PROBLEM TO SOLVE — Repeat word for word the lines from the one containing "Propolis Throat Spray, Natural" to the end of the material below, and leave all pictures out.

GIVEN INFORMATION —
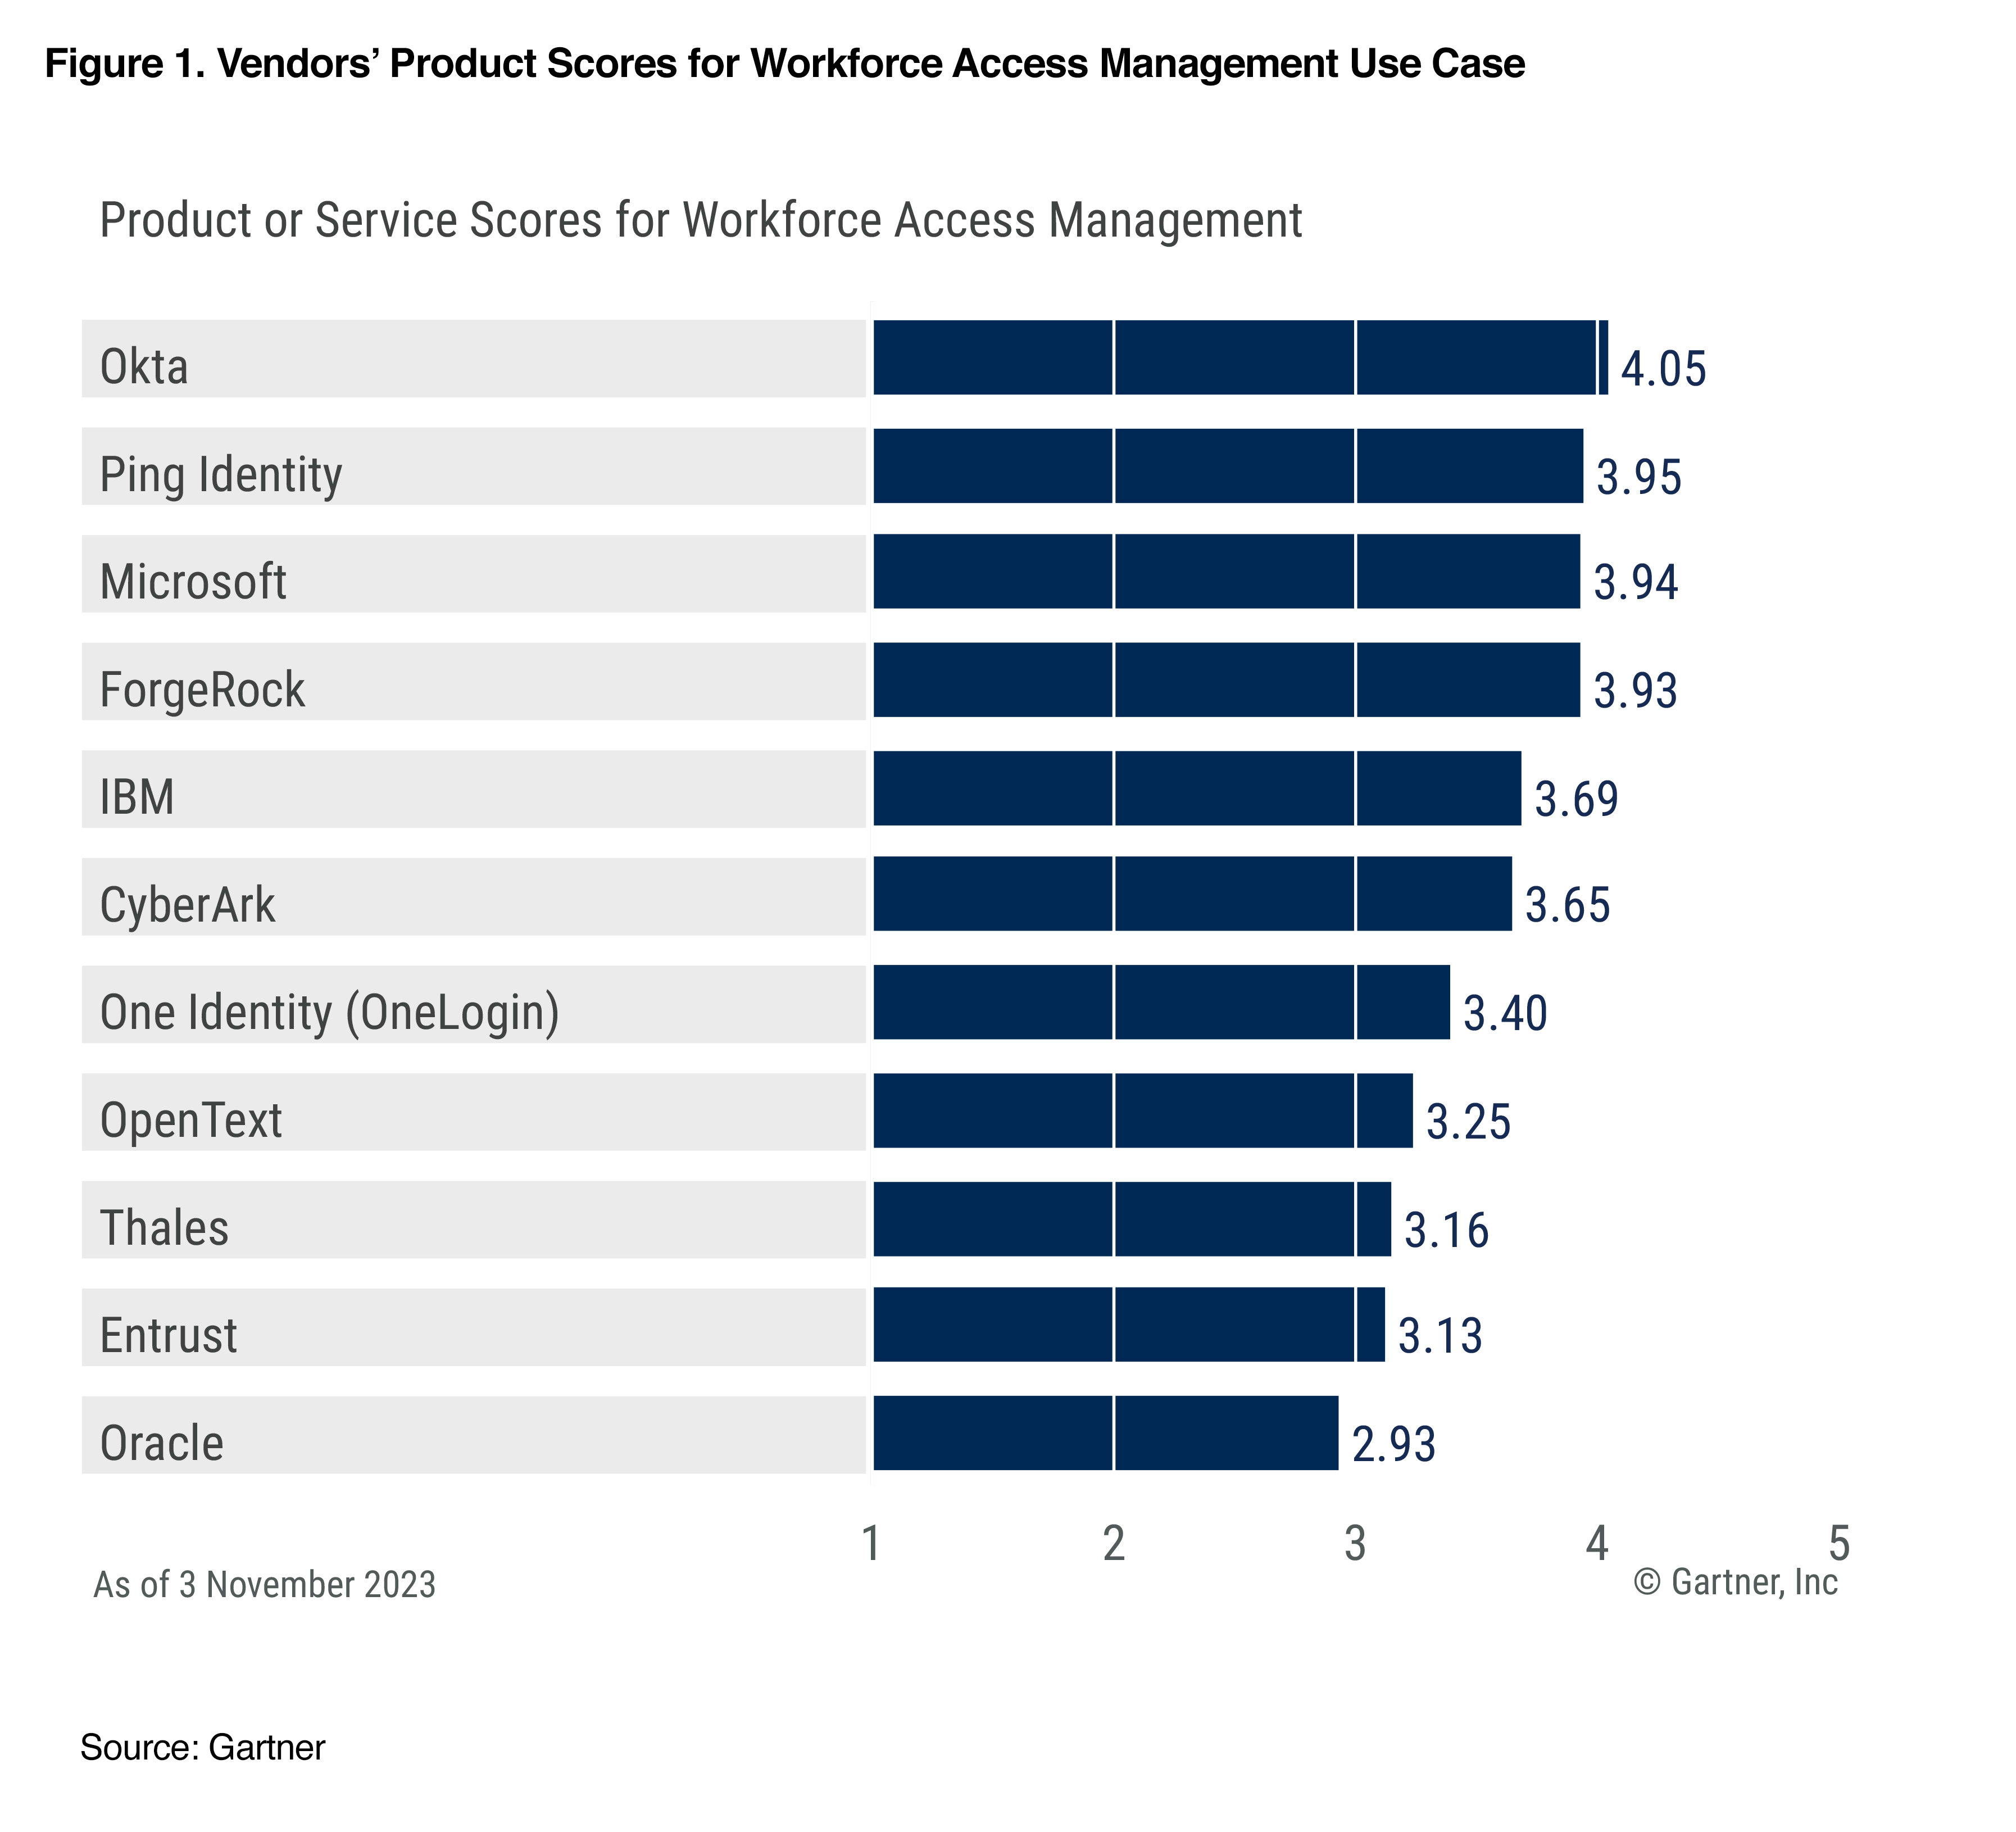 Vendors’ Product Scores for Workforce Access Management Use Case bar graph
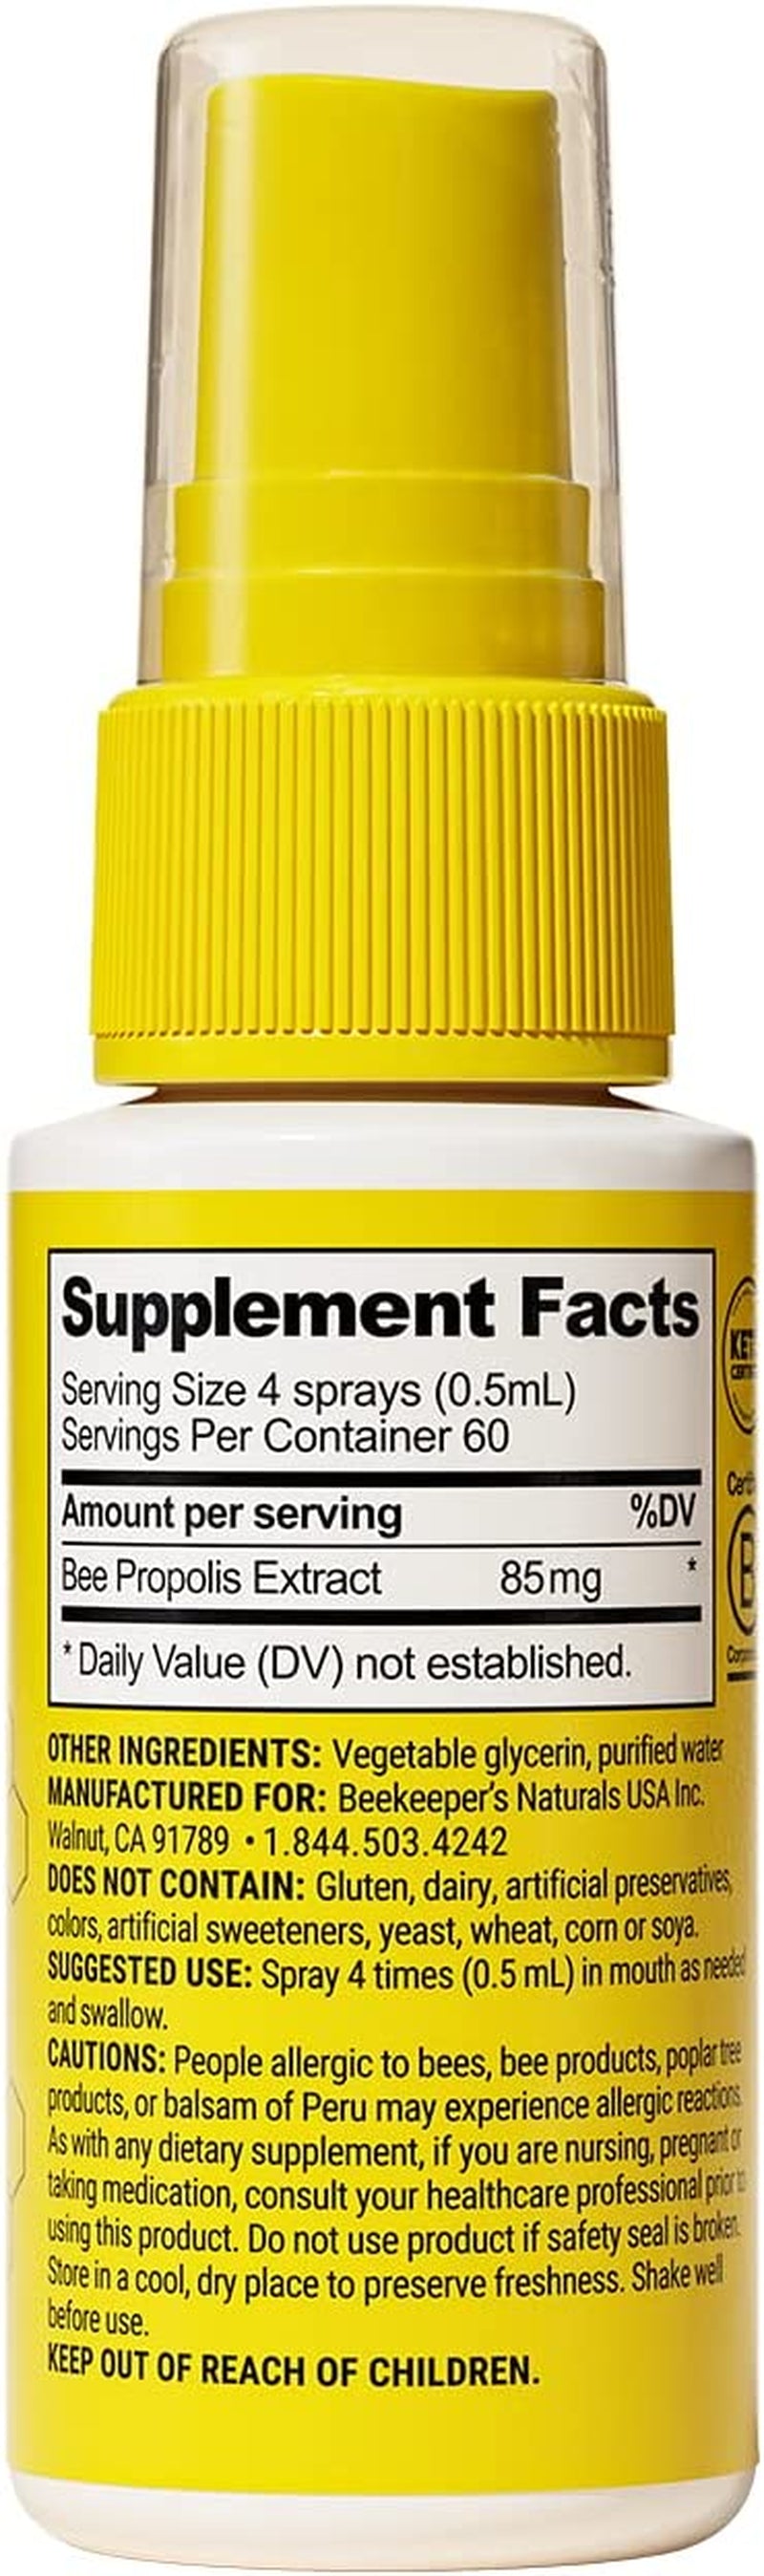 Propolis Throat Spray, Natural Immune Support & Sore Throat Relief - Antioxidants, Keto, Paleo, Gluten-Free, 1.06 Oz (Pack of 2)
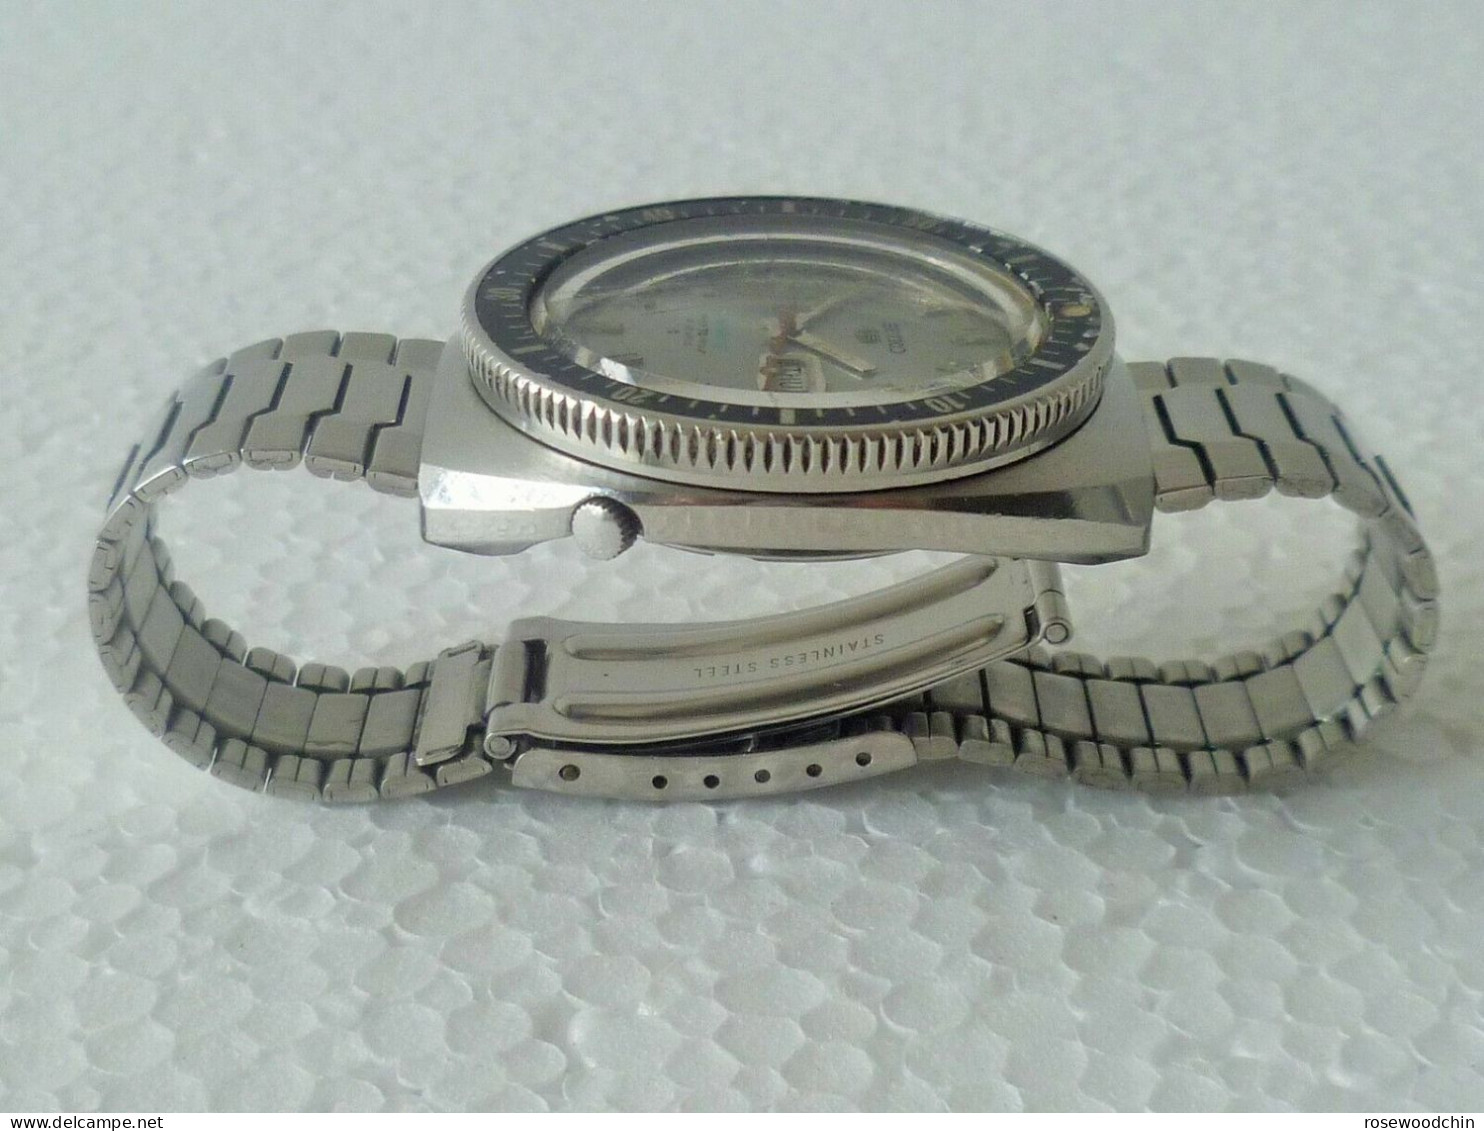 VINTAGE !! 60s' SEIKO 5 SPORTS Diver 6119-8120 70M 21 Jewels Automatic Watch 39mm - Orologi Antichi

OUTPUT OF THE EXERCISE —
 Propolis Throat Spray, Natural Immune Support & Sore Throat Relief - Antioxidants, Keto, Paleo, Gluten-Free, 1.06 Oz (Pack of 2)
 VINTAGE !! 60s' SEIKO 5 SPORTS Diver 6119-8120 70M 21 Jewels Automatic Watch 39mm - Orologi Antichi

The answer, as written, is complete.